So your vendor is Microdia and your Product ID isn't listed.

This page may be useful too http://www.spinics.net/linux/webcams.php but the llinks to GE are down just now.

----------

## rmp42885

try visiting this site

http://alpha.dyndns.org/ov511/

the driver available there supports the ge H098063 and H098064, so maybe it will support yours as well

----------

## mizery de aria

Btw, this is what I purchased: http://www.bestbuy.com/site/olspage.jsp?id=1060002880479&skuId=5895971&type=product

I did a little more searching on Google and came up with the following:

http://blog.elwell.org.uk/archives/000012.html

Also, this search had 2 results

----------

## mizery de aria

 *rmp42885 wrote:*   

> try visiting this site
> 
> http://alpha.dyndns.org/ov511/
> 
> the driver available there supports the ge H098063 and H098064, so maybe it will support yours as well

 

I compiled the 2.6.4_rc1-r1 kernel with ov511 as a module.  I'll load it next time I reboot and see if that works.

Rebooted, and "modprobe ov511"ed but /dev/video0 still doesn't exist.  Is there something else I have to do in order for it to exist?

----------

## NeddySeagoon

mizery de aria,

Its fairly safe to assume that none of the webcam kernel modules will pick up your webcam without you at least passing the vendor and product IDs as module parameters. 

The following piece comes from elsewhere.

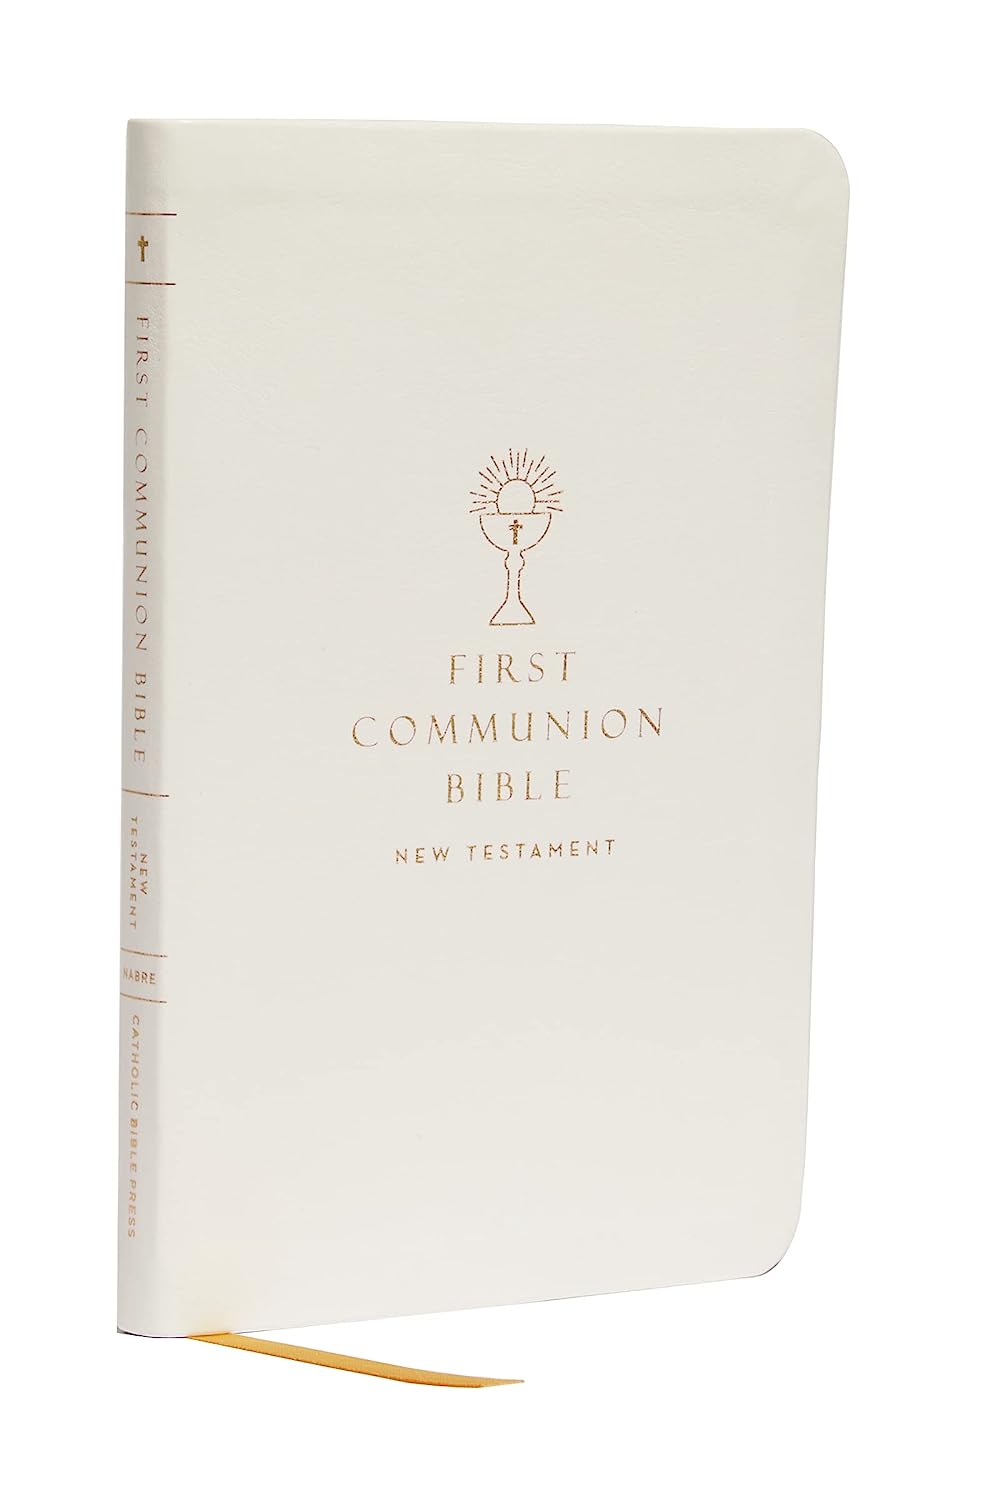 NABRE First Communion Bible New Testament White Slipcase

Build all the webcam kerenl modules as modules, then run modinfo against evey one. If you get lucky, your vendor ID and Product ID will be listed by one of them - thats the module you want and you won't need any parameters - it will just work.

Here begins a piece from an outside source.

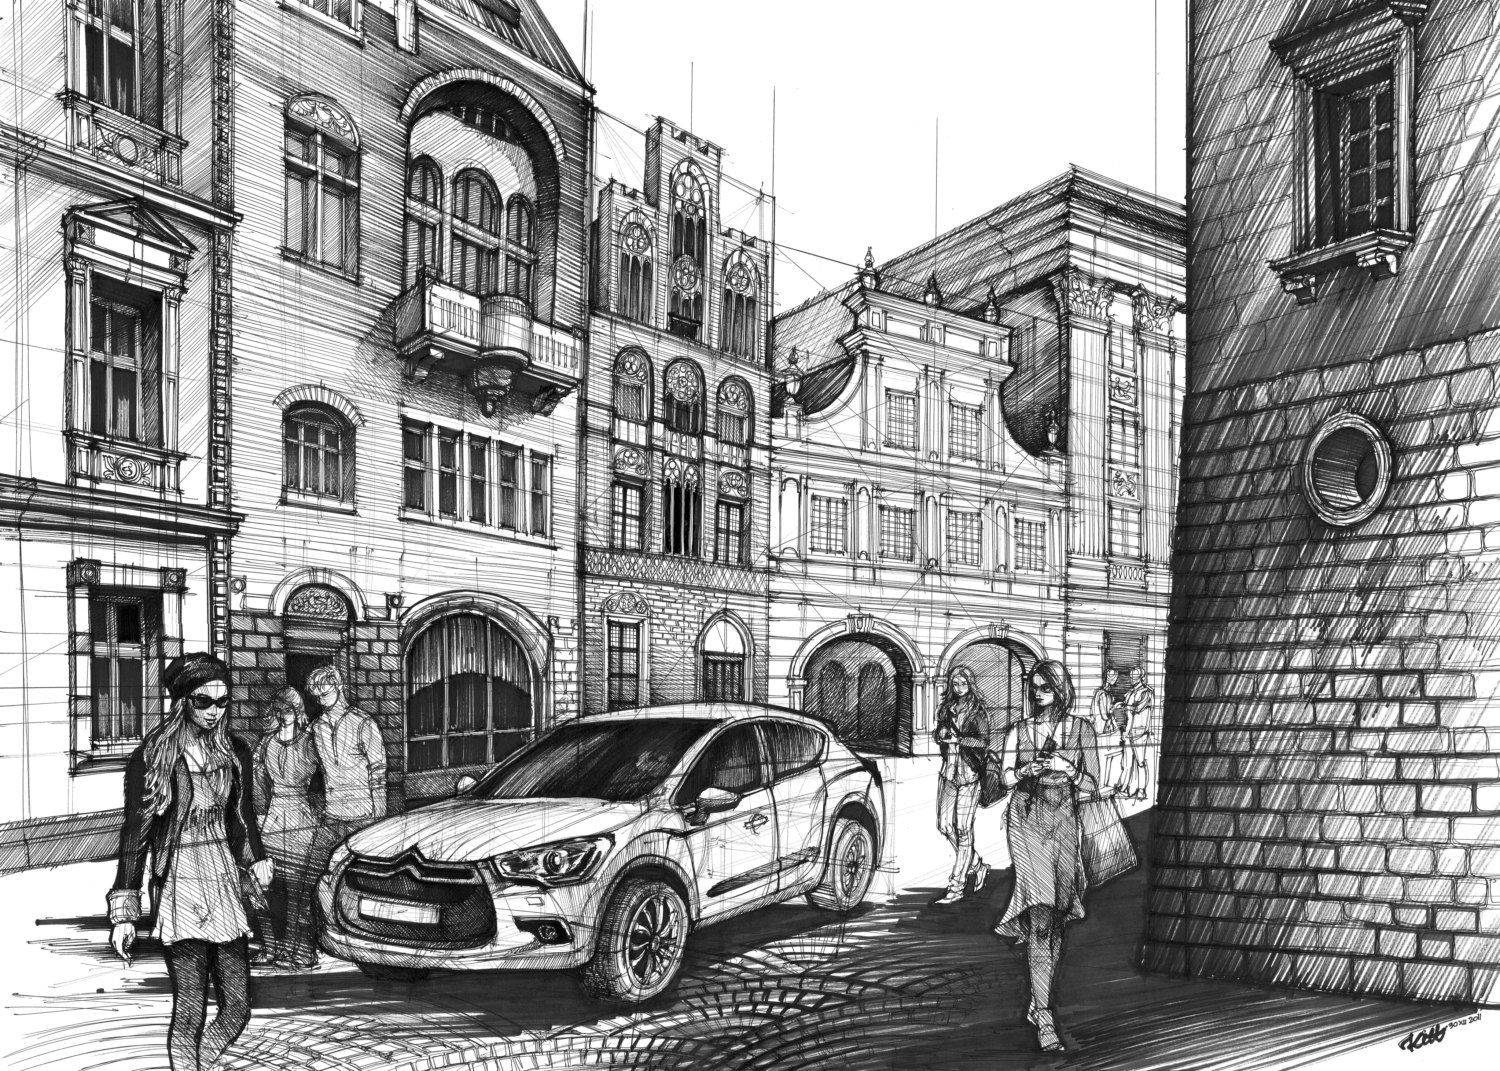 Sketch of City Street by RoboFH on DeviantArt

Not all webcam modules will take vendor ID and Product ID as paramterers. If this is the case you will need to do a bit of kernel hacking. Find a module with an identical Vendor ID and a close Product ID. Edit the Product ID within the module source code, rebuild the module and see what happens. If you are lucky, you have just extended the range of webcams that work with linux. Be sure to submit a patch.

----------

## lilbudda

Thanks for all the good info... I'm sure I am just missing one little thing. I see that modules are getting resigered but still no /dev/v4l entries. Also, if it can just use libusb, how do we pass that to the front end app. Also, what is a good front end? I have been trying xawtv.

----------

## salmankhilji

So did the webcam eventually work?  I have the same camera and is not supported by Linux

----------

## lilbudda

No. I think the chipset is not supported

----------

## felixo

Hello all

I just got a pc380 BTC from fry's, I cant find much info on the chipset. I need to know if there are drivers in the kernel for it. I have a feeling the sonix driver could work, anyone tried this?

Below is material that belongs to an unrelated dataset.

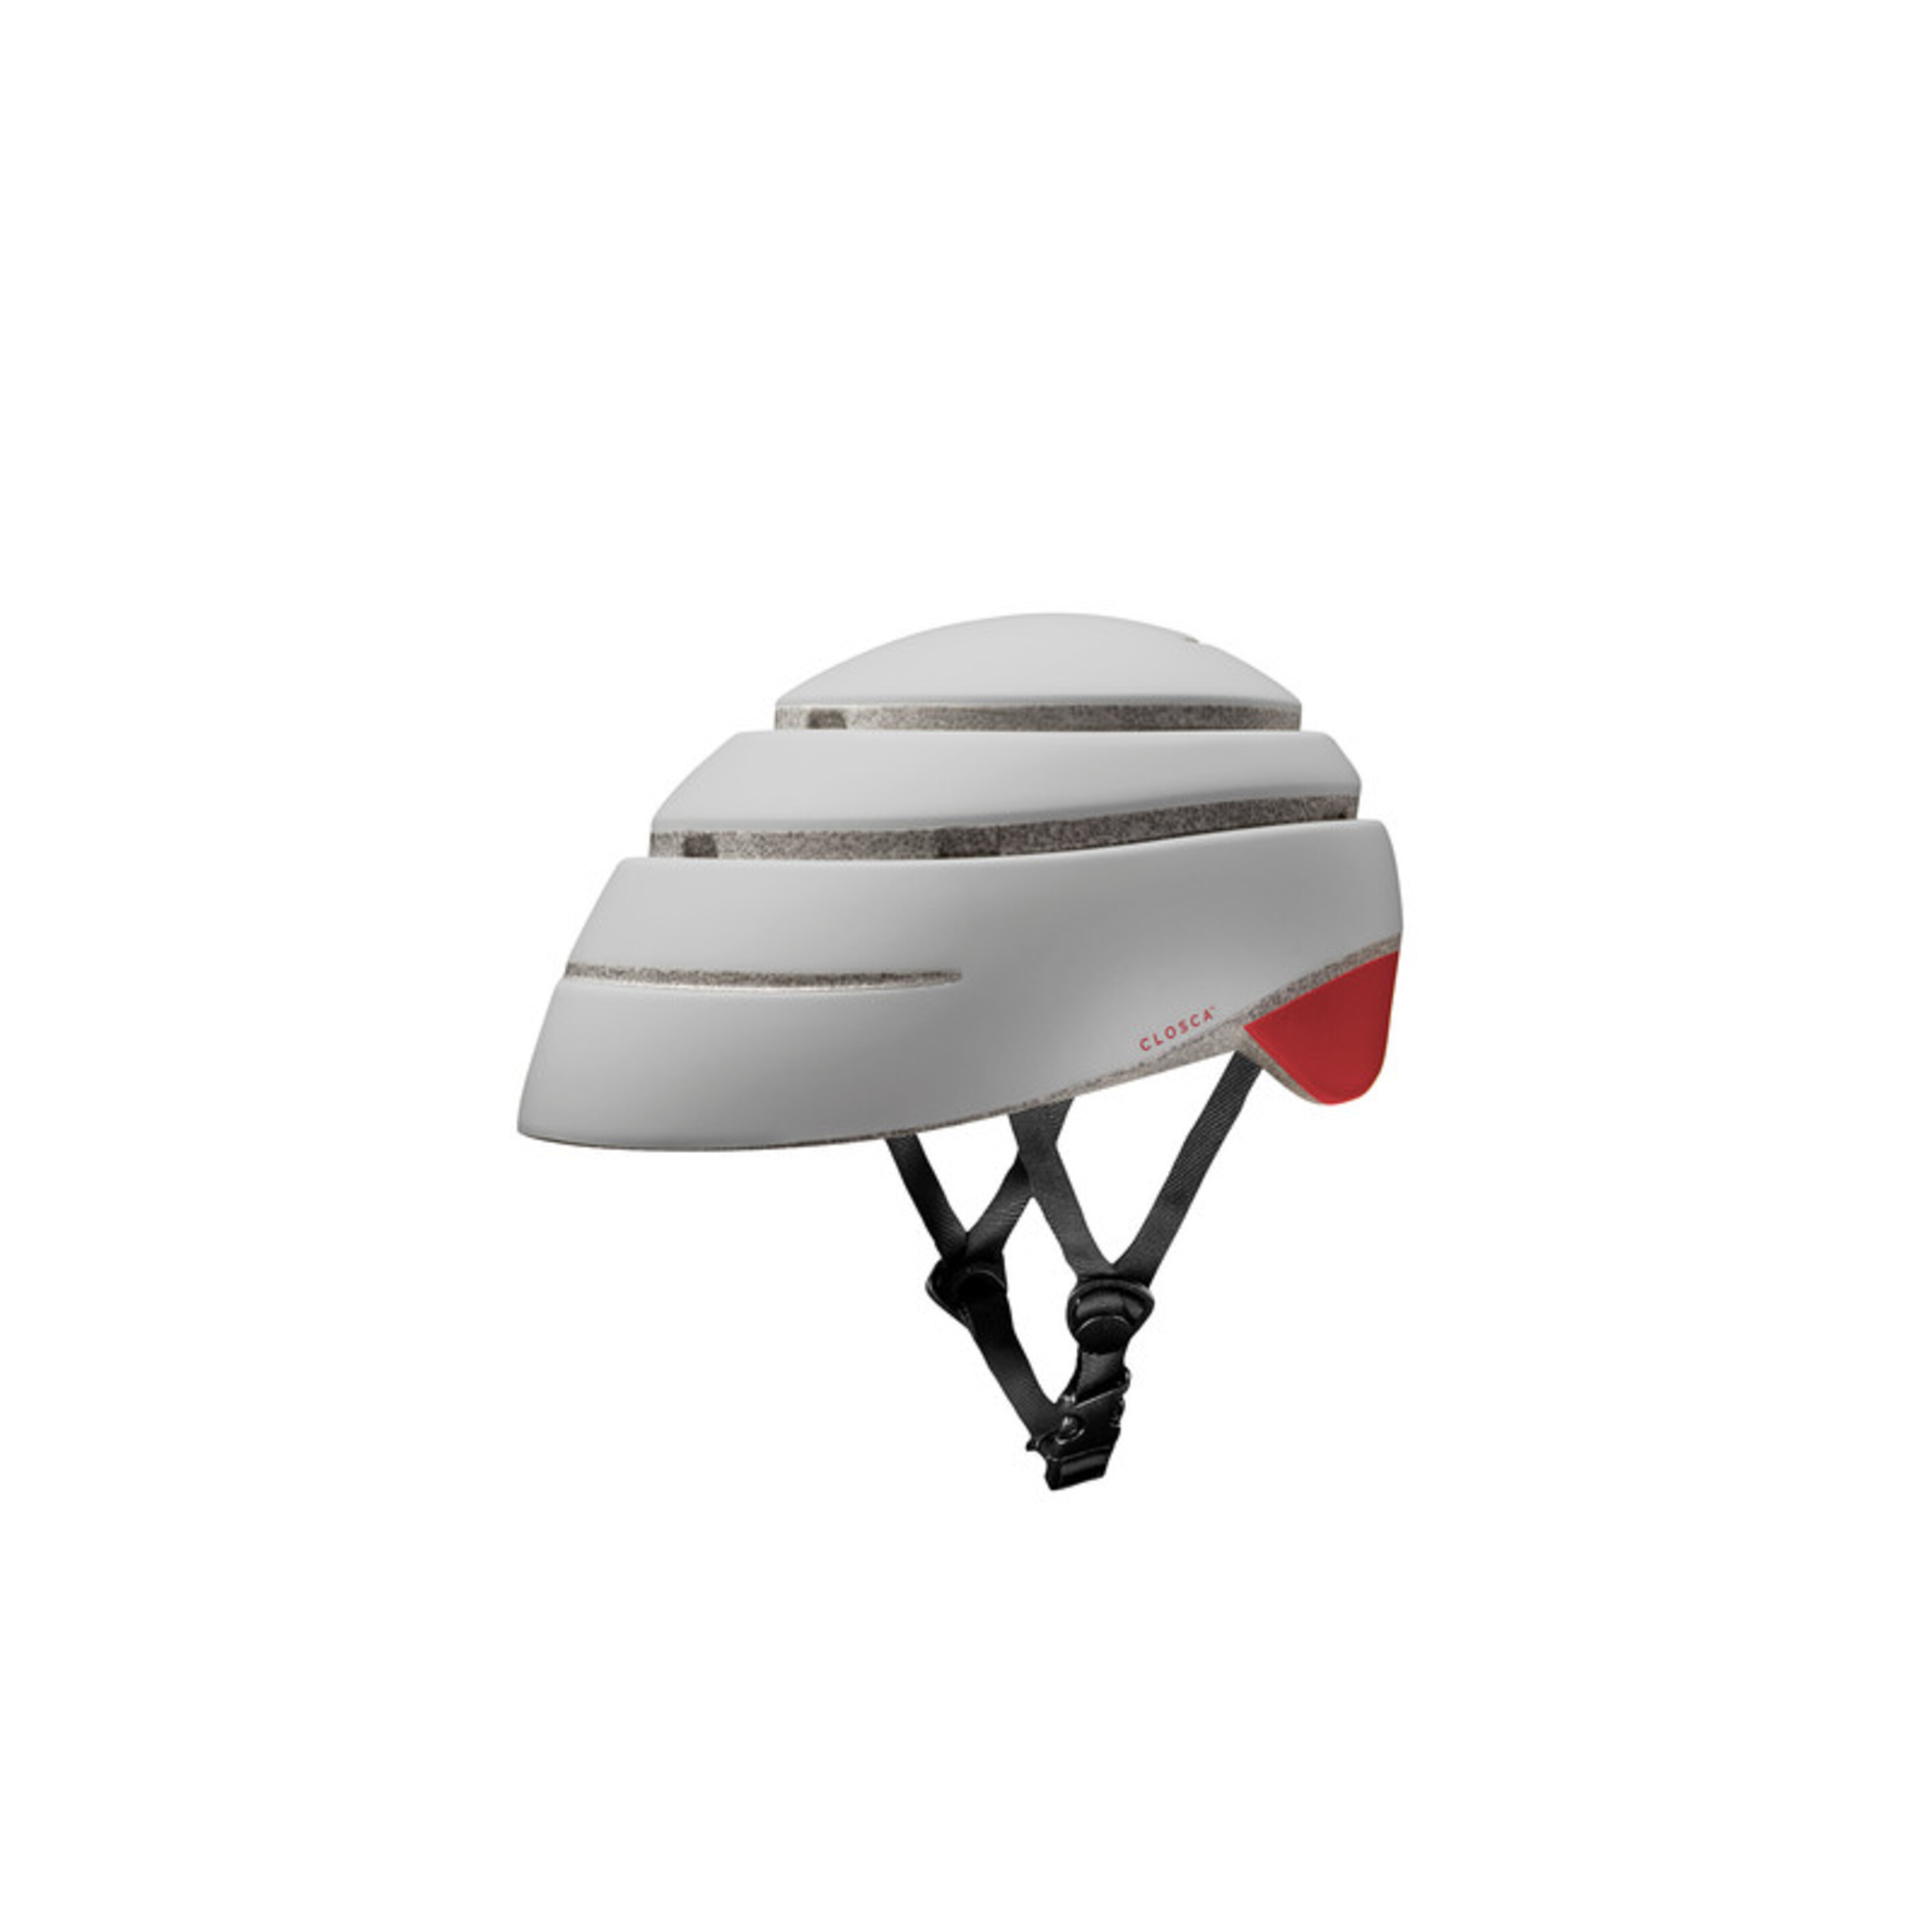 Casco De Bicicleta Plegable Closca Pearl - blanco-rojo -

Also, I reply to this because I think it may be the same product, just different vendors.

bash-2.05b# lsusb 

Bus 002 Device 001: ID 0000:0000  

Bus 001 Device 002: ID 0c45:6028 Microdia

----------

## mizery de aria

Trying to get this device to work again here is more research (links):

http://www.qbik.ch/usb/devices/showdev.php?id=2380'

----------

## mizery de aria

[quote=scrappy90002@yahoo.com]I was simply browsing the instruction manual. Luckily I had saved the same. And found that the driver was PC Camera 6028 VGA (from Uninstalling section). (All the while I was using PC CaMERA 602a and PC Camera 6029 drivers, in vain). I searched for the same and found it available in the below site.

http://www.opendrivers.com/driver/215897/pine-cam-pc30-6028-pc-camera-driver-windows-free-download.html[/quote]

It is a windows driver, however, since I cannot seem to find a native linux solution, is it possible to use the windows driver similar to ndiswrapper for network cards?

----------

## diablo43000

Try to emerge media-video/spca5xx

that helped me  :Very Happy: 

bye

----------